By John Neville, Founder of Mindful Test Taking
According to the American Test Anxieties Association, at least 33% of students struggle with moderate to acute test anxiety.
Physical tension is always a contributing factor to (if not the cause of) test anxiety: you cannot experience stress without tensing yourself up. Releasing this tension is the foundation for becoming a calmer test taker.
The Secret to Mindfulness: Progressive Relaxation
The ability to relax is a skill that you can learn, develop & improve at over time. It is also the core principle of mindfulness.
The body scan meditation is a classic, trusted way to progressively relax and involves scanning your body from head to toe, inviting each part to relax.
Many meditators believe that relaxing the body is a “warm-up” or secondary benefit to working with your mind.
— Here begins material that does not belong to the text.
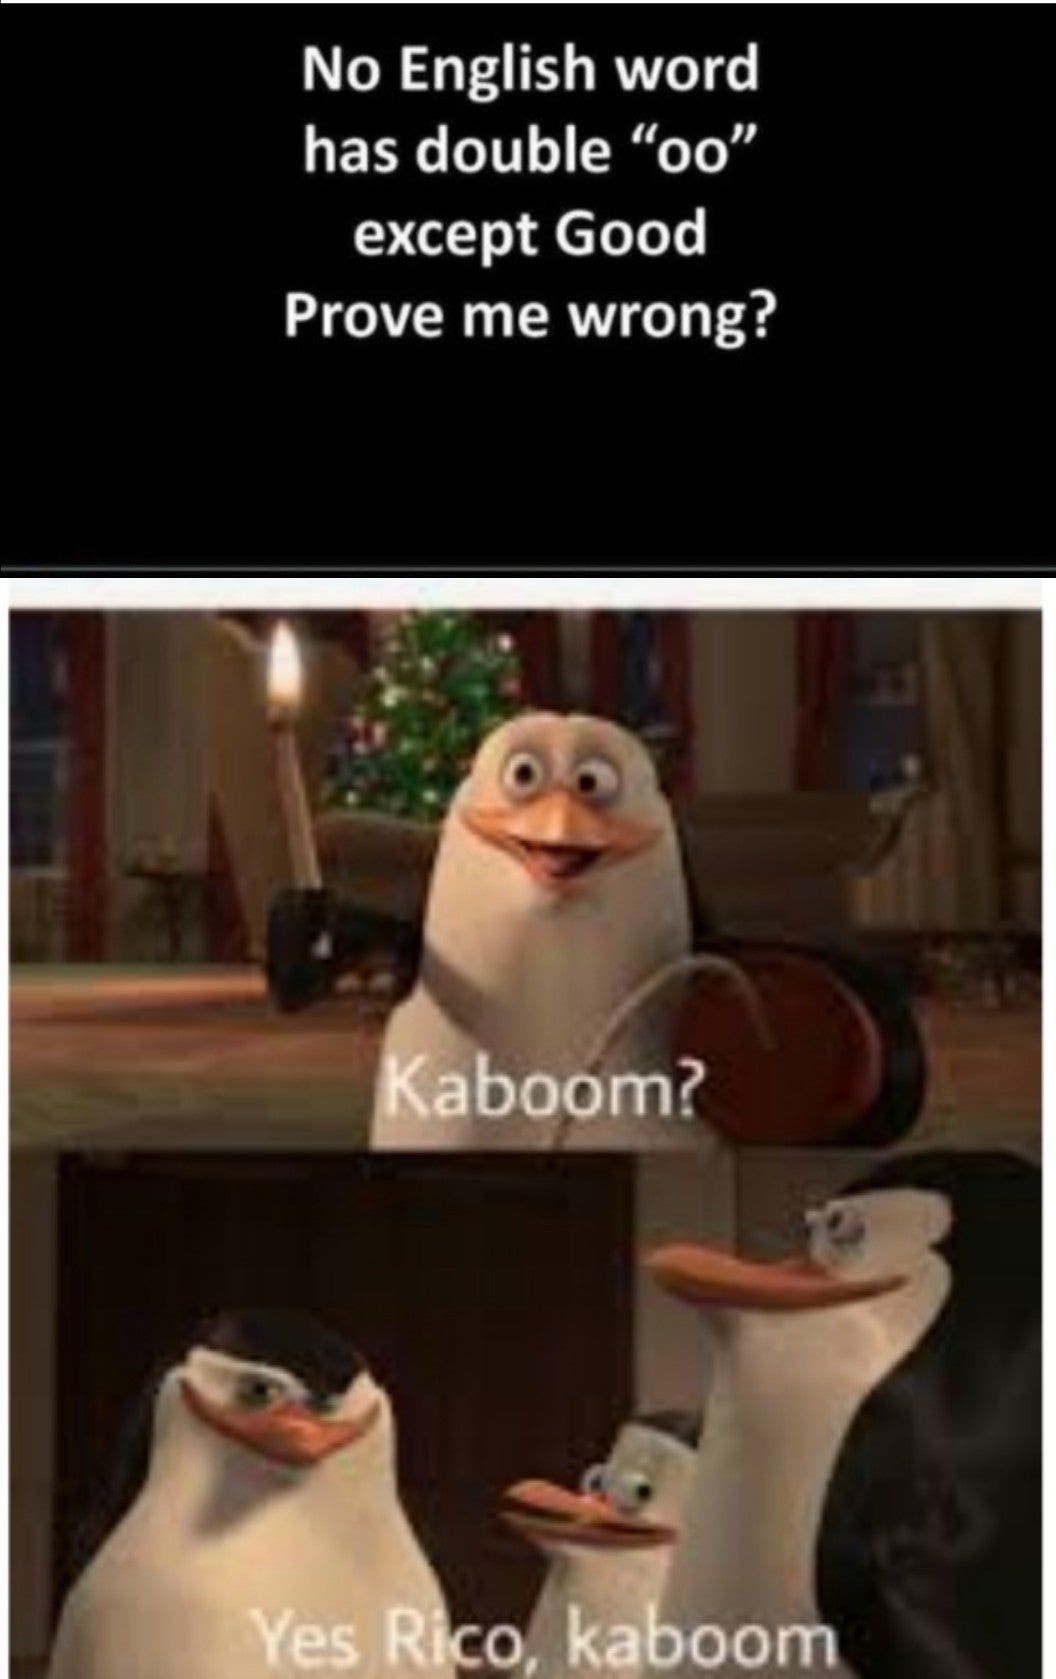 Kaboom yes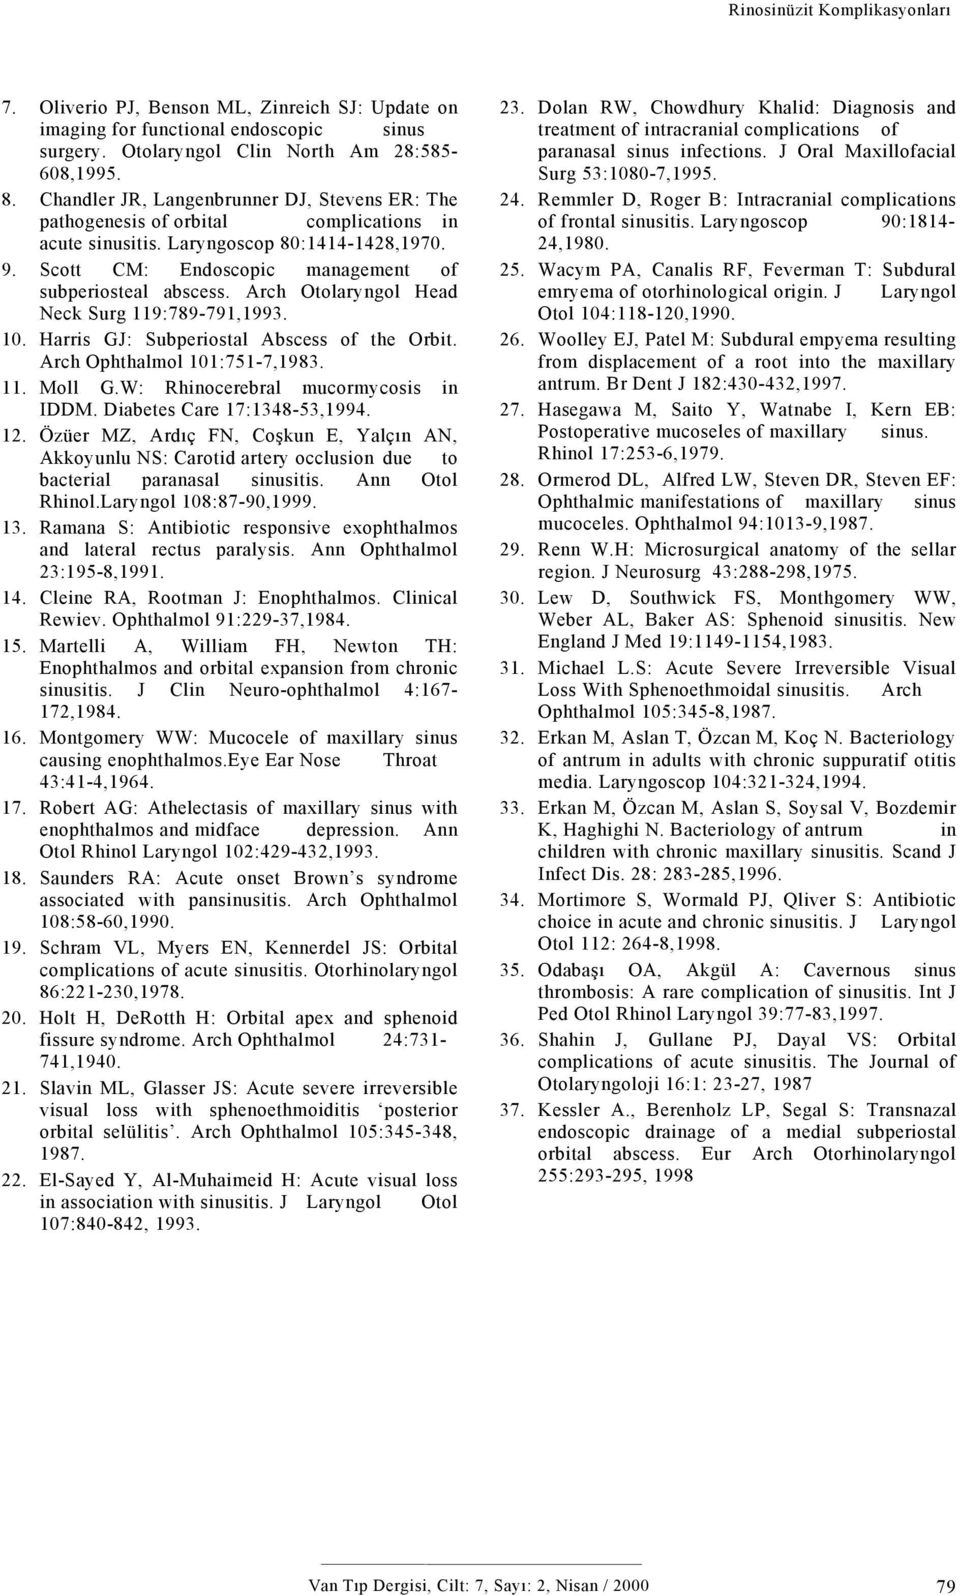 Arch Otolaryngol Head Neck Surg 119:789-791,1993. 10. Harris GJ: Subperiostal Abscess of the Orbit. Arch Ophthalmol 101:751-7,1983. 11. Moll G.W: Rhinocerebral mucormycosis in IDDM.

This is not the case. The truth is that the body scan is often the main focus for many silent, 10-day meditation retreats and one of the core concepts taught by the Buddha.
Using a body scan audio is a great way to start so you can be supported in being able to feel your body more deeply. One body scan can be as long or as quick as you wish; 5-7 minutes is a common duration. Subsequent iterations of the body scan will help improve your ability to feel your body, release physical tension and sharpen your focus.
Your Subconscious Mind
Your subconscious mind is simply your body and how your body responds to where you put your attention. Close your eyes and imagine you are biting into a tart, juicy lemon. Make it real. Taste it. Try this now.
Did you notice that you started to salivate? That’s your subconscious mind.
Visualization for Behavioral Change
If imagining a juicy lemon makes you salivate, what will visualizing the testing scenario do to your body?
You probably guessed it: your body will (subtly) tense up. This is actually a good thing because now you can focus on progressively relaxing during the visualization.
Changing how you feel when imagining a situation will change how you feel when you next confront the situation in your life. In other words, combining visualization & progressive relaxation will preemptively reduce your test anxiety…before test day even arrives.
Mindful Test Taking
My company, Mindful Test Taking, offers a number of techniques & strategies to help students reduce test anxiety, but the fundamental concept is always the same: visualize and relax. It takes time, but with practice, you can eventually “see” yourself taking a test while keeping your body relaxed.
Once you hit that level of mental mastery and somatic self-control, you are ready to walk in and simply take the test.
Words of Wisdom
If you have breaks during the test, practice the body scan meditation during those times. This will refresh and rejuvenate you, helping you sustain your energy and focus.
Also, avoid exacerbating tension and stress during the test: furrowing your brow — white-knuckling your pen or mouse, for example.
Bodily tension and a cloudy, racing mind are two sides of the exact same coin. The less tension you carry, the more clear your mind will be.